These switches cause KAP to build a library file containing partially analyzed routines for later inlining/analysis. The library created is used with the -inline_from_libraries and -ipa_from_libraries switches.

When you specify either of these switches, no transformed code file is generated.

Libraries created with -inline_create can be used with either inlining or IPA, because they contain essentially complete descriptions of the functions included. Libraries created with -ipa_create can be used only with IPA, because they do not have the complete text of the functions, just the data relationship information.

You can use any name for the created library. However, for maximum compatibility with the -inline_from_libraries and -ipa_from_libraries switches, Compaq recommends that you use the .klib extension.

4.5.4 -inline_depth, -ind, (-ind=2), -ipa_depth, -ipad, (-ipad=10)

The -inline_depth and -ipa_depth switches set the maximum level of function nesting, that is, calls to functions with calls to functions and so forth, that KAP will attempt to inline or analyze. Higher switch values cause KAP to trace CALLs and function references further. The values and their meanings are:

The #pragma _KAP [no]inline and #pragma _KAP [no]ipa directives are not affected by -inline_depth or -ipa_depth restrictions.

4.5.5 -inline_from_files, -inff, (current source file)

The -..._from_... switches provide KAP with the locations of functions available for inlining/IPA. The total set of available functions is called the inlining (or IPA) universe.

The -..._from_files switches take the names of source files and directories containing source files. Including a directory, for example, -ipaff=/usr/ipalib , is equivalent to the UNIX notation /usr/ipalib/*.c . Do not use shell wildcard characters in the list of files and directories.

The -..._from_libraries switches take the names of libraries created with the -..._create switches and directories containing such libraries.
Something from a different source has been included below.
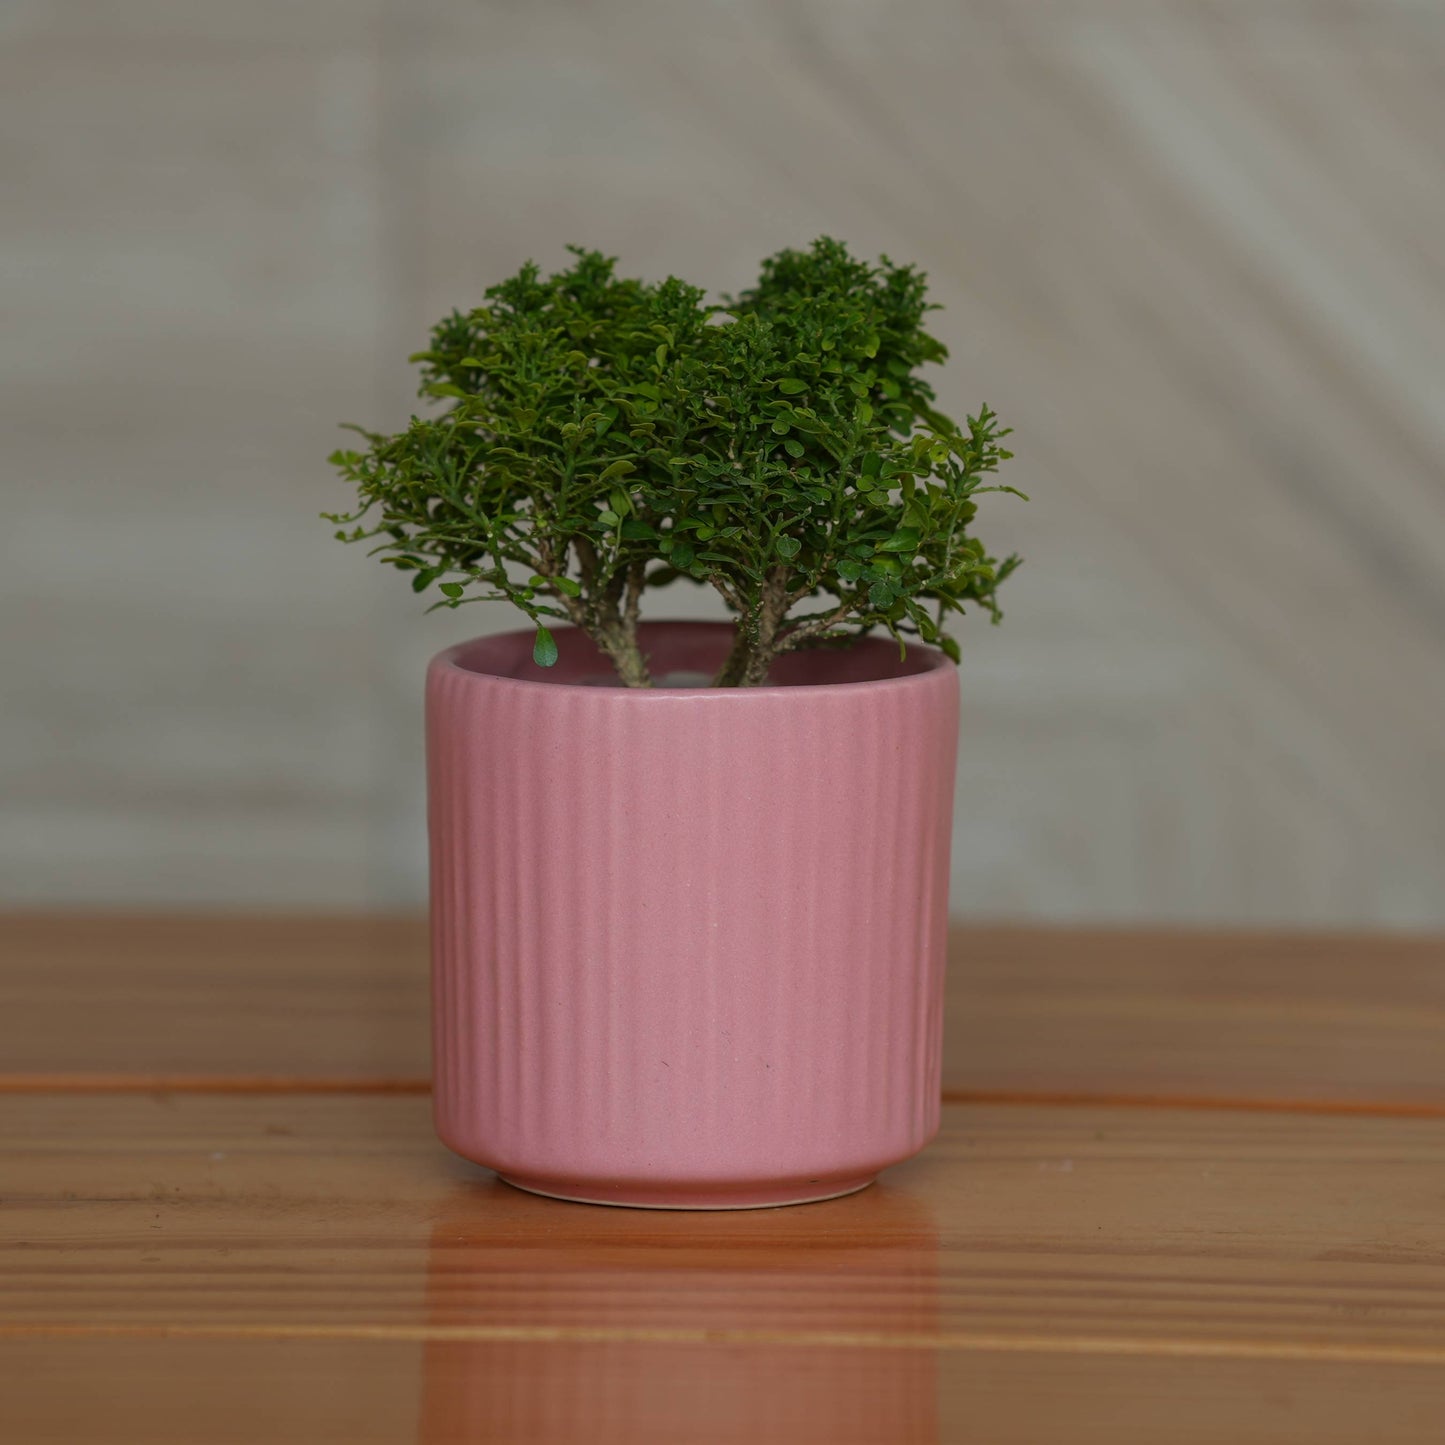 Ceramic Round Vertical Stripes Planter/Pot For Plants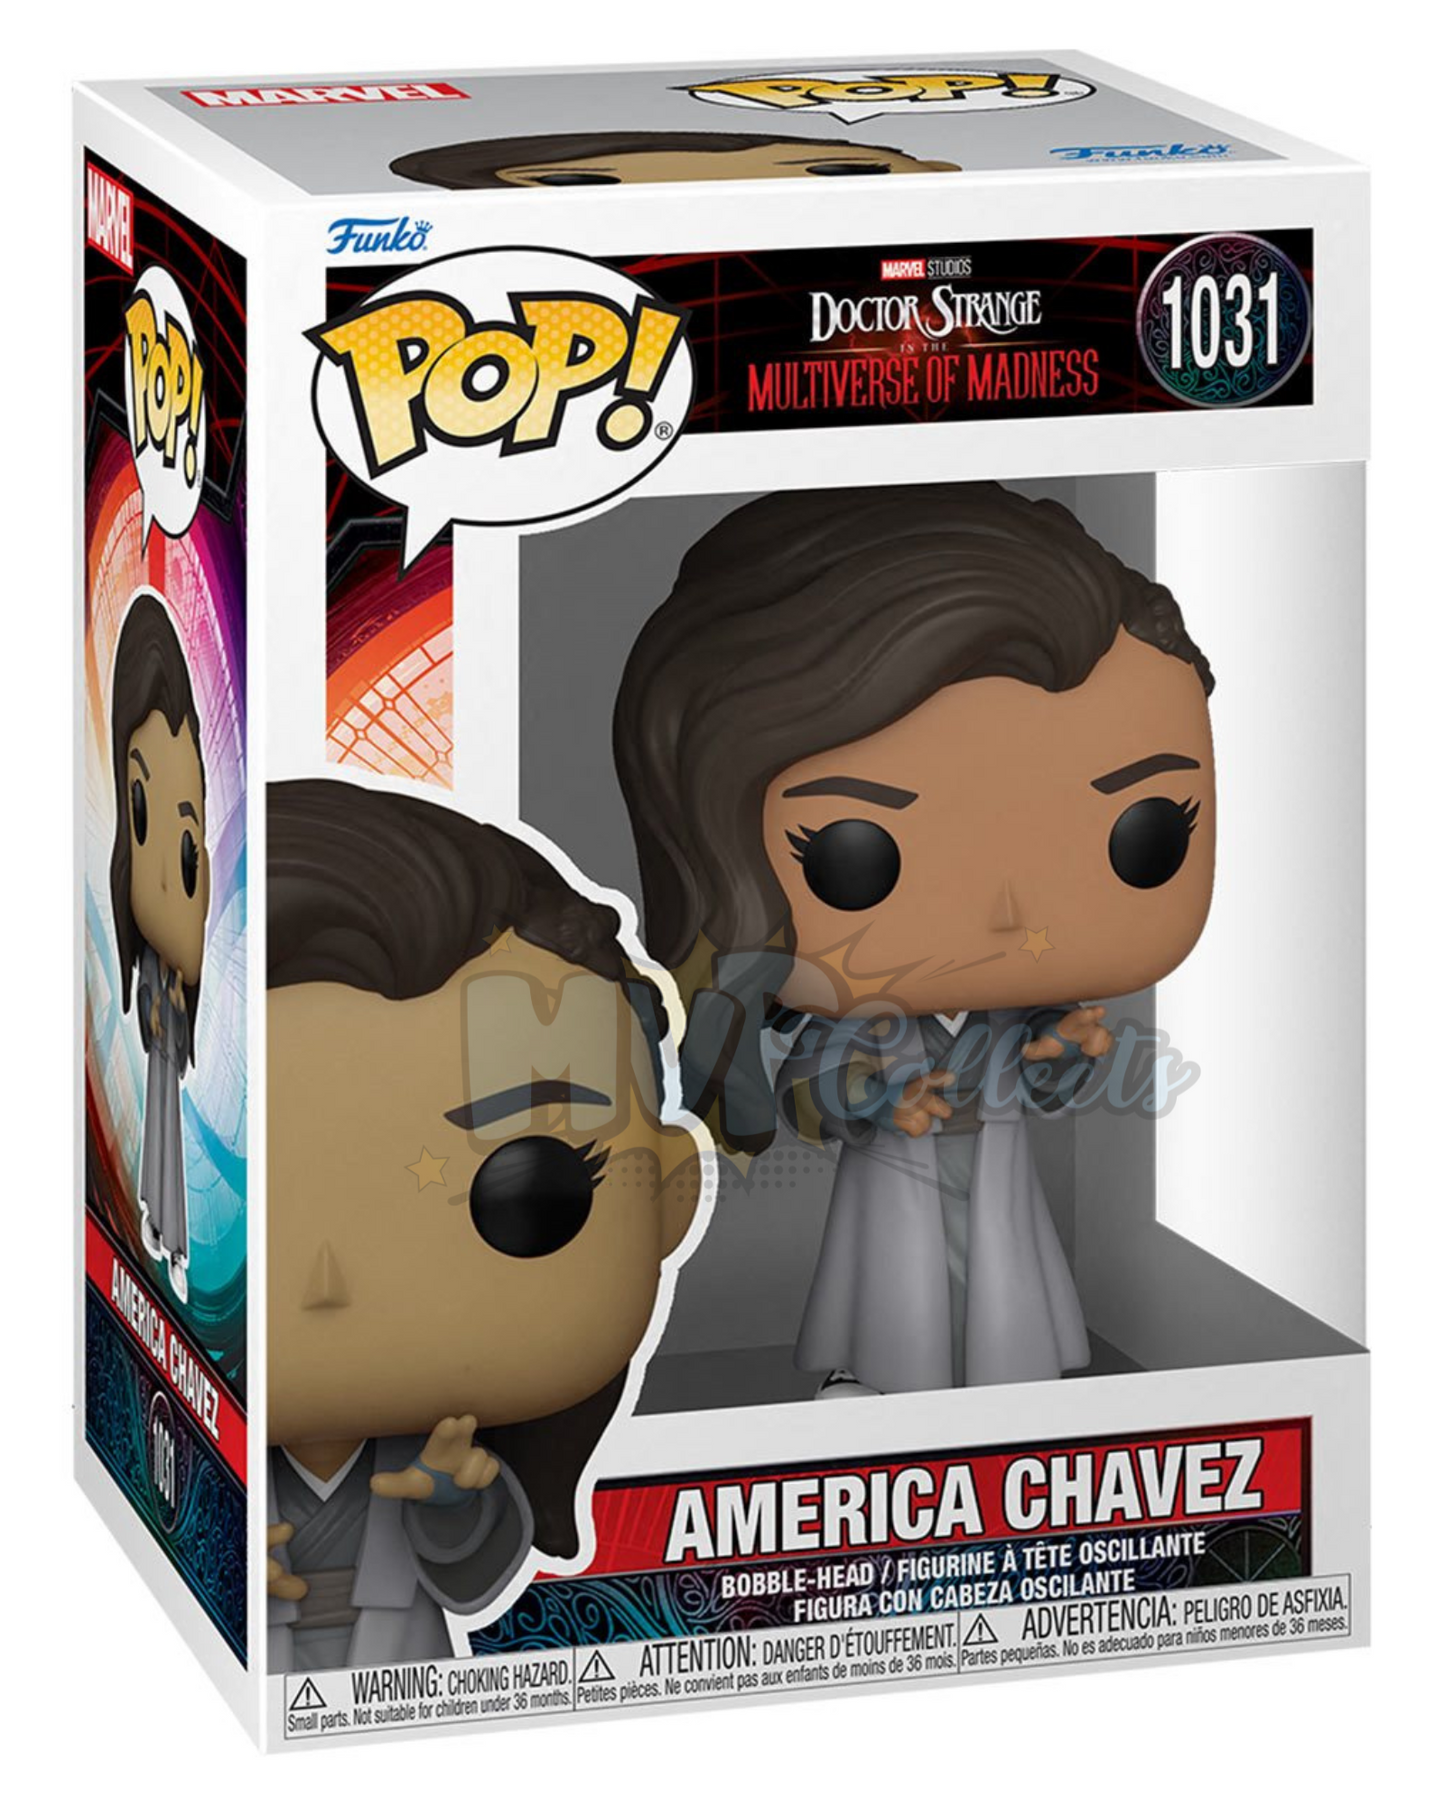 America Chavez POP! Dr. Strange Multiverse of Madness - 1031

In directories, the KAP libraries are identified by the .klib extension.

Multiple files/libraries or directories can be given in one -..._from_... switch, separated by commas and enclosed by parentheses. Multiple -..._from_... switches can be specified on the command line.

KAP searches for functions in the provided files and libraries in the order in which they appear on the command line.

4.5.6 -inline_from_libraries, -infl, (off)

See Section 4.5.5, -inline_from_files, -inff, (current source file).

4.5.7 -ipa_from_files, -ipaff, (current source file)

See Section 4.5.5, -inline_from_files, -inff, (current source file).

4.5.8 -ipa_from_libraries, -ipafl, (off)

See Section 4.5.5, -inline_from_files, -inff, (current source file).

4.5.9 -inline_looplevel, -inll, (-inll=2), -ipa_looplevel, -ipall, (-ipall=2)

The -..._looplevel switches enable you to limit inlining to just functions that are referenced in nested loops, where the effects of reduced function call overhead or enhanced optimizations will be multiplied.

The parameter is defined from the most deeply nested function reference. The -inll=1 switch restricts inlining to functions referenced in the deepest loop nest. The -inll=3 switch restricts inlining to those routines referenced at the three deepest levels. The for loop nest level of each function reference is included in the optional calling tree section of the listing file.

The #pragma _KAP [no]inline and #pragma _KAP [no]ipa directives, when enabled, are not affected by the looplevel restrictions.

4.5.10 -inline_manual, -inm, (off) -ipa_manual, -ipam, (off)

These switches cause KAP to recognize the #pragma _KAP [no]inline and #pragma _KAP [no]ipa directives. This allows manual control over which functions are inlined/analyzed at specific call sites.

The default is to ignore these pragmas. When any inlining or IPA switch is included on the command line, the inline or ipa pragmas, respectively, are enabled. The -inline_manual and -ipa_manual switches are provided so the pragmas can be enabled without activating the automatic inlining or IPA algorithms. Because #pragma _KAP [no]inline and #pragma _KAP [no]ipa are not otherwise affected by the -inline=, -ipa=, -inline_depth, and -.._looplevel command-line switches, you can use them with command-line control to select functions or call sites that the regular selection algorithm would reject.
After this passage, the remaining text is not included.